This property returns the total count of trainable parameters in the model. It's useful for understanding model complexity and memory requirements.

SupportedSizes

Gets the supported image sizes.

public IReadOnlyList<DallE3ImageSize> SupportedSizes { get; }

Property Value

IReadOnlyList<DallE3ImageSize>

SupportsEditing

Gets whether the model supports image editing (inpainting).

public bool SupportsEditing { get; }

Property Value

bool

SupportsVariations

Gets whether the model supports image variations.

public bool SupportsVariations { get; }

Property Value

bool

VAE

Gets the VAE model used for encoding and decoding.

public override IVAEModel<T> VAE { get; }

Property Value

IVAEModel<T>

Methods

CheckPromptSafety(string)

Checks if a prompt is likely to be rejected for safety reasons.

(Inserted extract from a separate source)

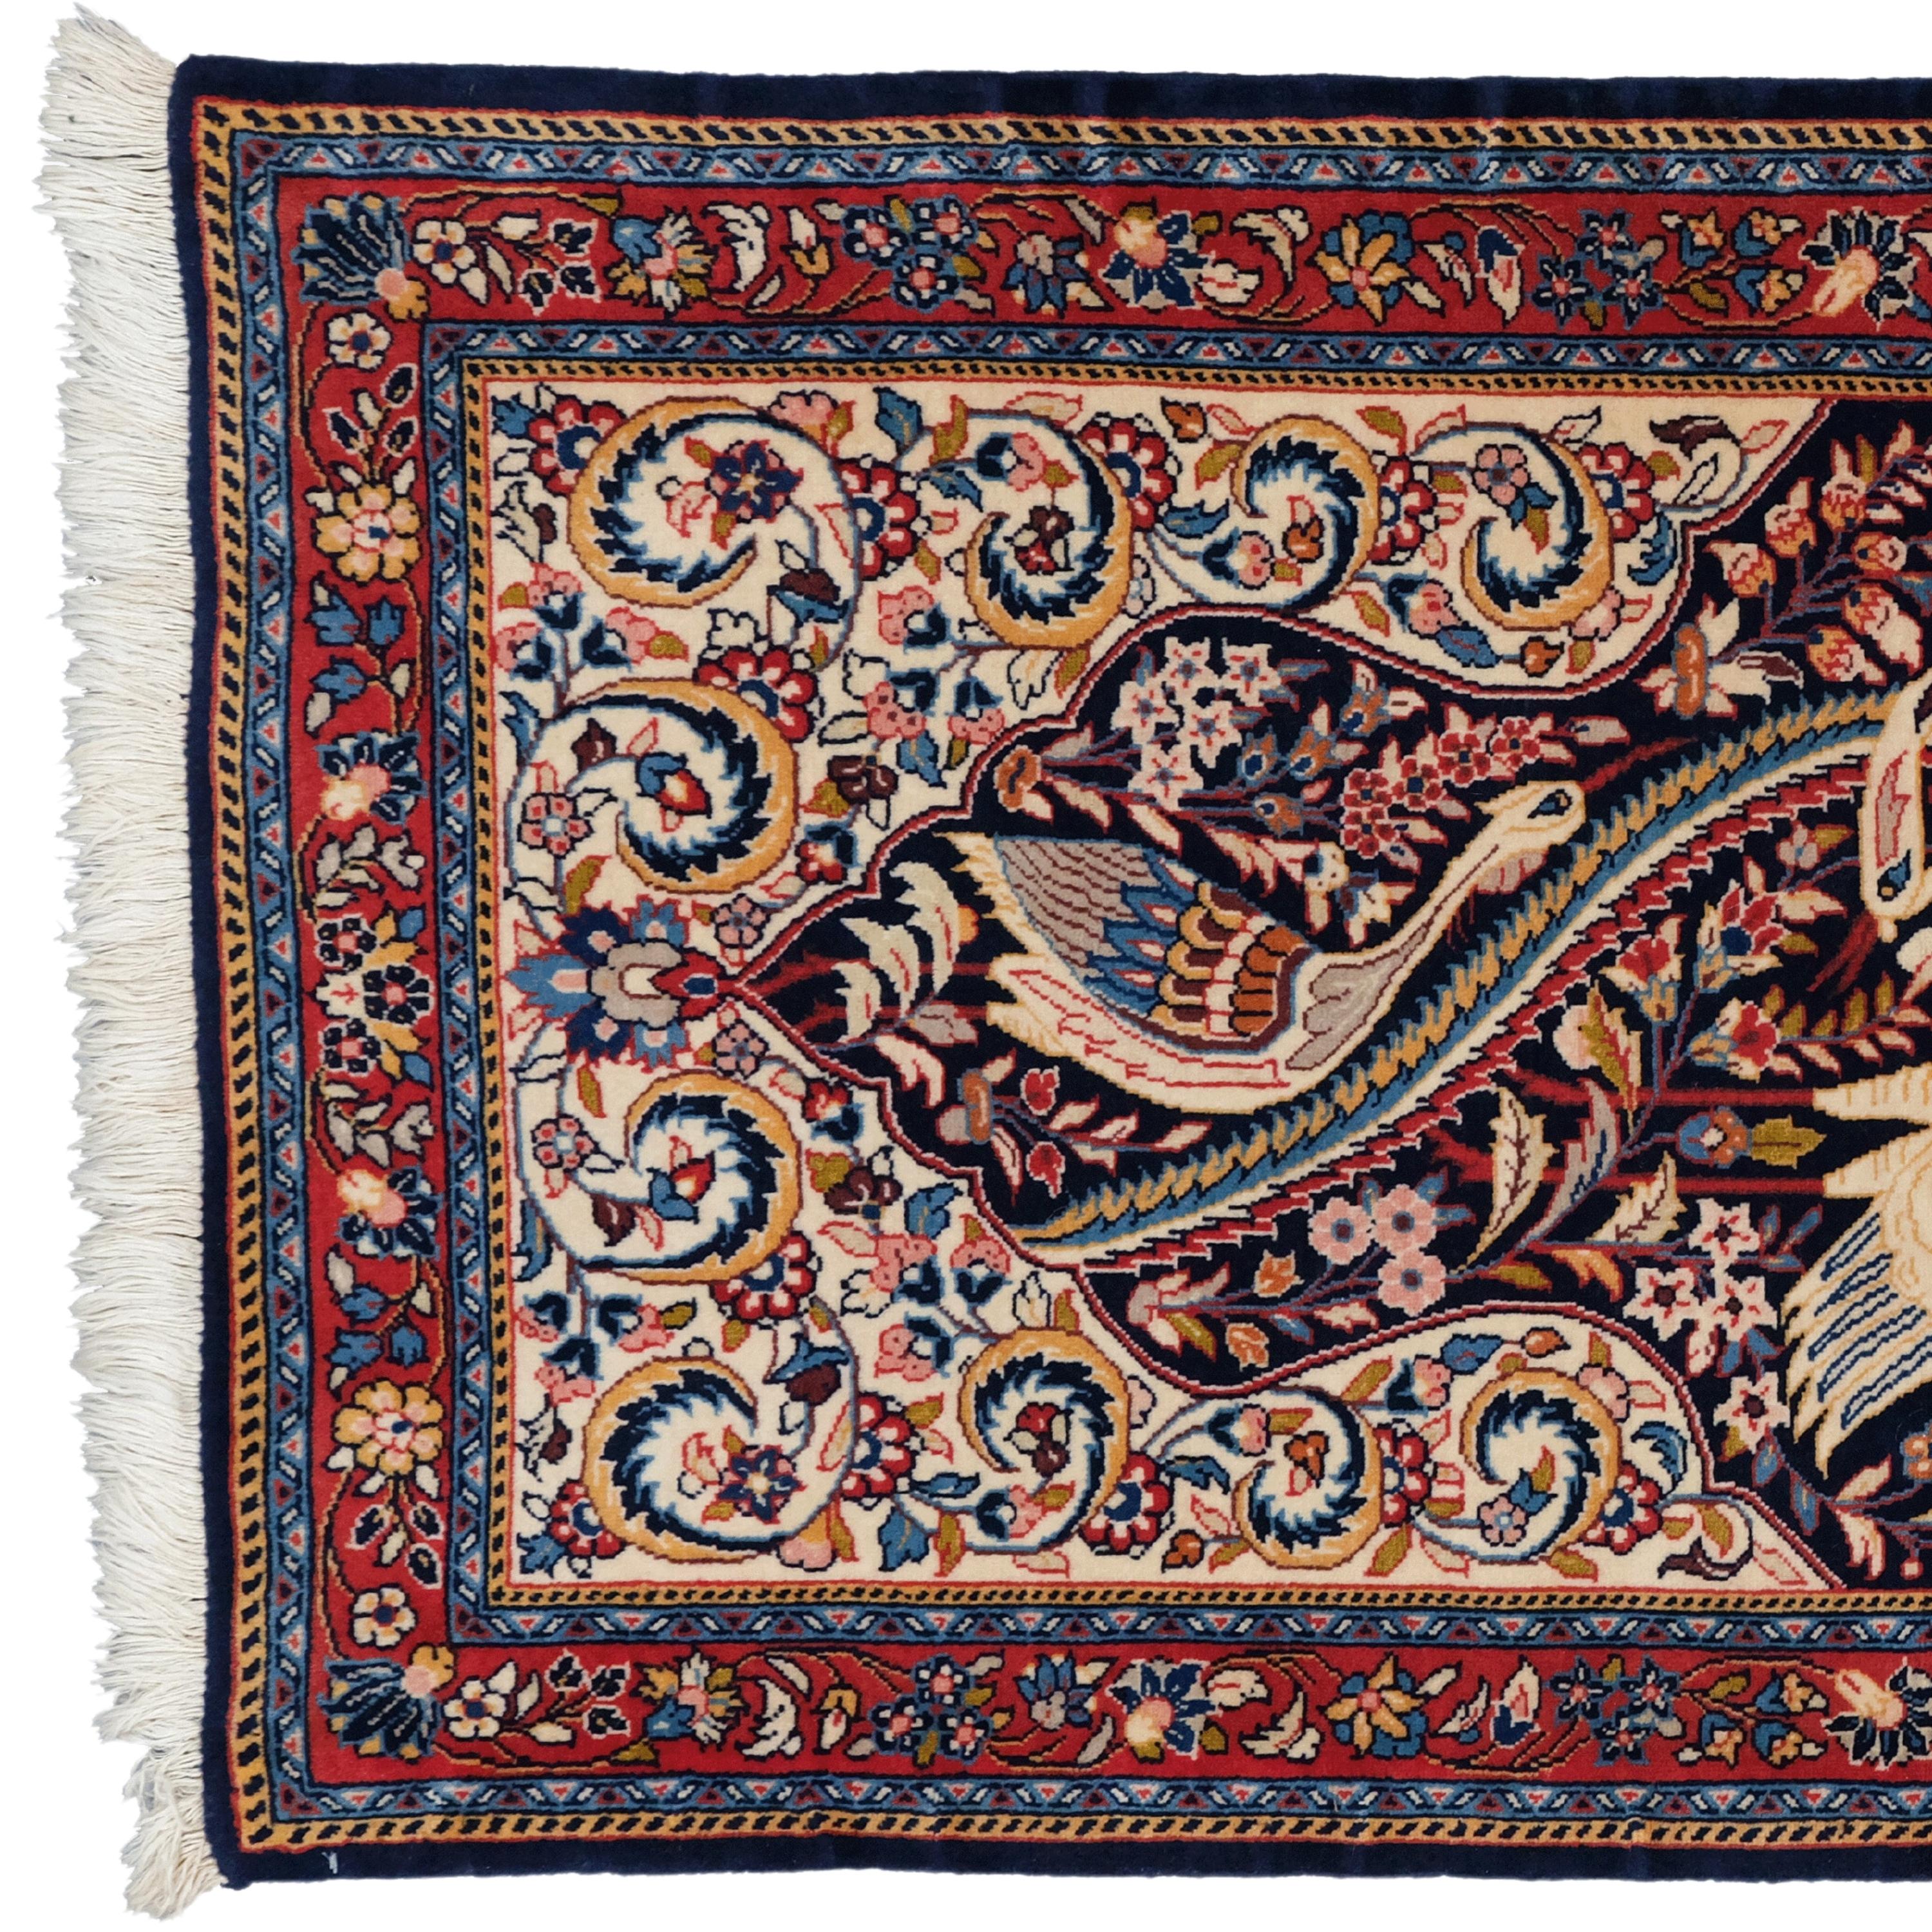 19th Century Pictorial Qum Rug

This extraordinary carpet will fascinate you with its illustrated design and vibrant colors that reflect the rich history and craftsmanship of the period. Each stitch tells the story of skilled craftsmen who

public (bool IsSafe, IEnumerable<string> FlaggedCategories) CheckPromptSafety(string prompt)

Parameters

prompt string: Prompt to check.

Returns

(bool IsSafe, IEnumerable<string> FlaggedCategories): Whether the prompt is safe and any flagged categories.

Clone()

Creates a deep copy of the model.

public override IDiffusionModel<T> Clone()

Returns

IDiffusionModel<T>: A new instance with the same parameters.

CreateVariations(Tensor<T>, int, double, DallE3ImageSize)

Generates variations of an existing image.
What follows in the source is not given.